JOINT SETTLEMENT WITH THE SEC AND USAO
Computer Associates has agreed to the following relief:
* A permanent injunction against future violations of the antifraud, reporting, books and records and internal control provisions of the federal securities laws.
* Forward looking remedial relief, including, for at least 18 months, that Computer Associates will be subject to the review of an Independent Examiner, reporting to the SEC, the Justice Department and Computer Associates’ Board of Directors.
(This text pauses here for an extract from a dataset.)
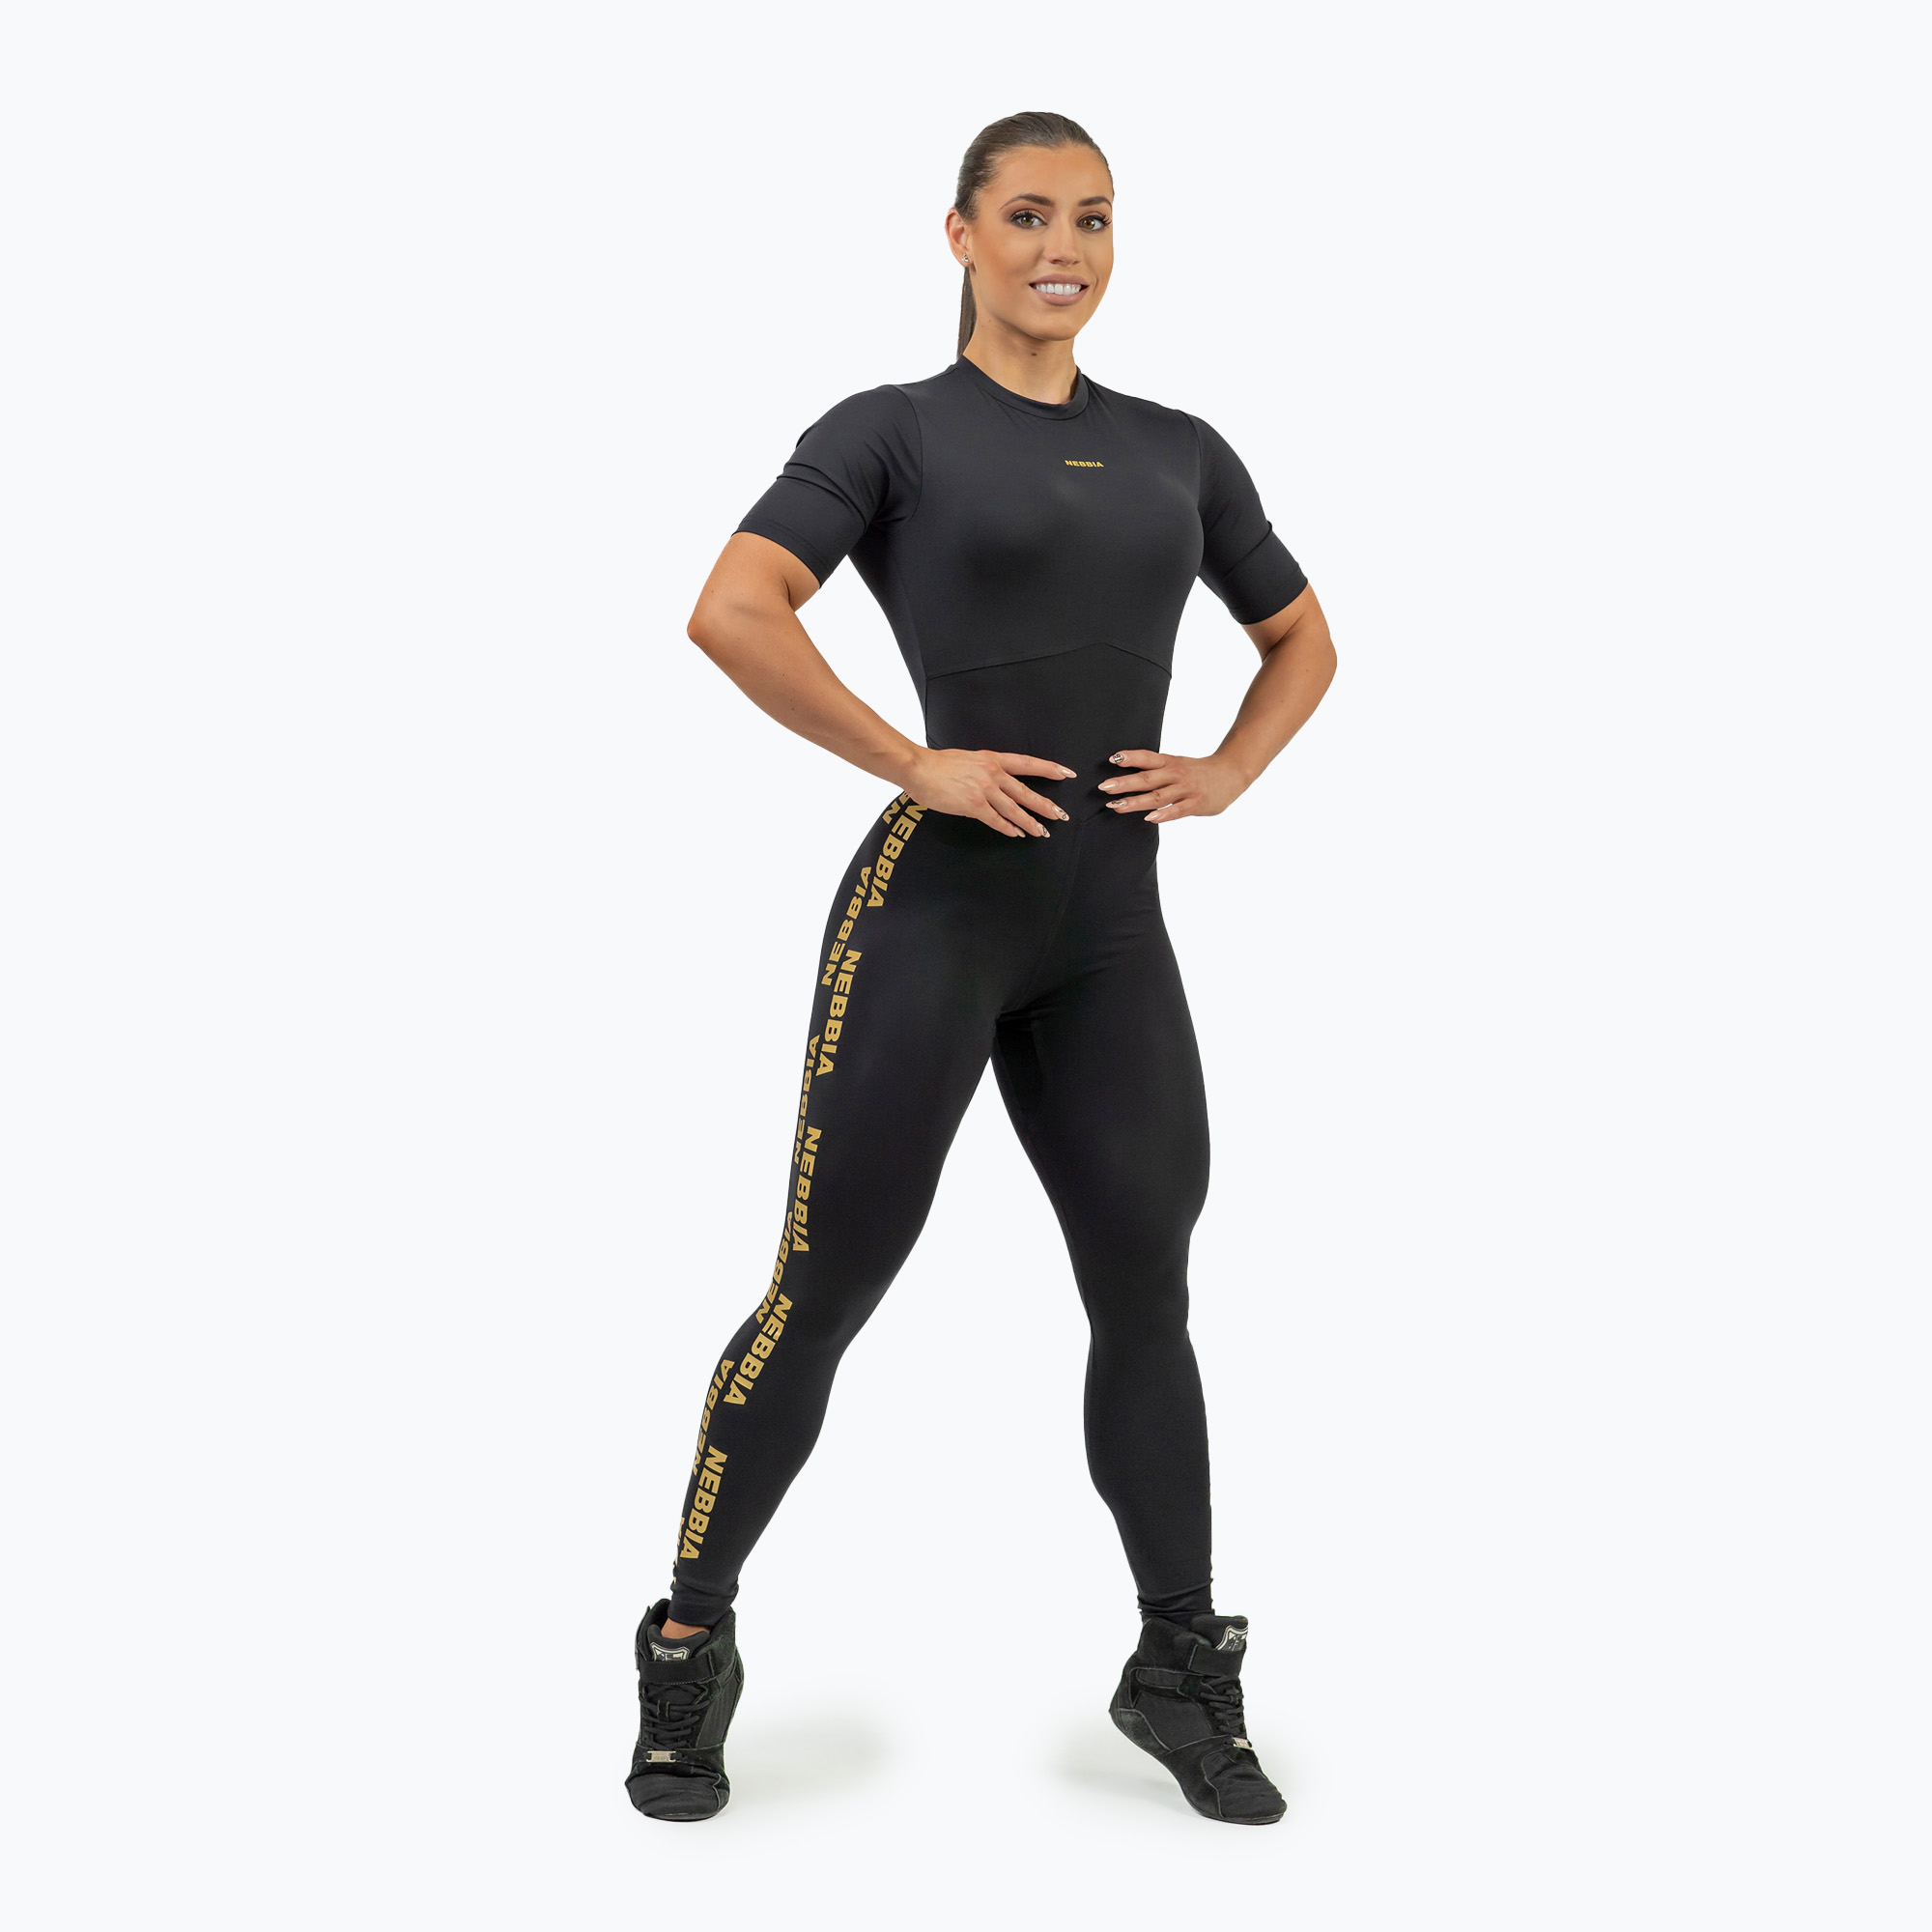 Дамски тренировъчен костюм NEBBIA Intense Focus black/gold

Also, Computer Associates will establish a comprehensive new ethics and compliance program, overseen by a new Chief Compliance Officer, and a new Compliance Committee of its Board of Directors.
* A deferred prosecution agreement with the USAO requiring Computer Associates to pay $225 million to injured shareholders and directing Computer Associates to undertake the same remedial measures in the SEC consent judgment.
Woghin has consented to a partial judgment imposing a permanent injunction prohibiting him from violating the antifraud reporting, books and records and internal control provisions of the federal securities laws. The partial judgment also permanently bars Woghin from serving as an officer or director of a public company. The Commission’s claims for disgorgement and civil penalties against Woghin, and all of its claims against the other individual defendants, remain pending. The SEC’s investigation is also continuing.
The SEC acknowledges the assistance and cooperation of the United States Attorney’s Office for the Eastern District of New York and the Federal Bureau of Investigation in this matter.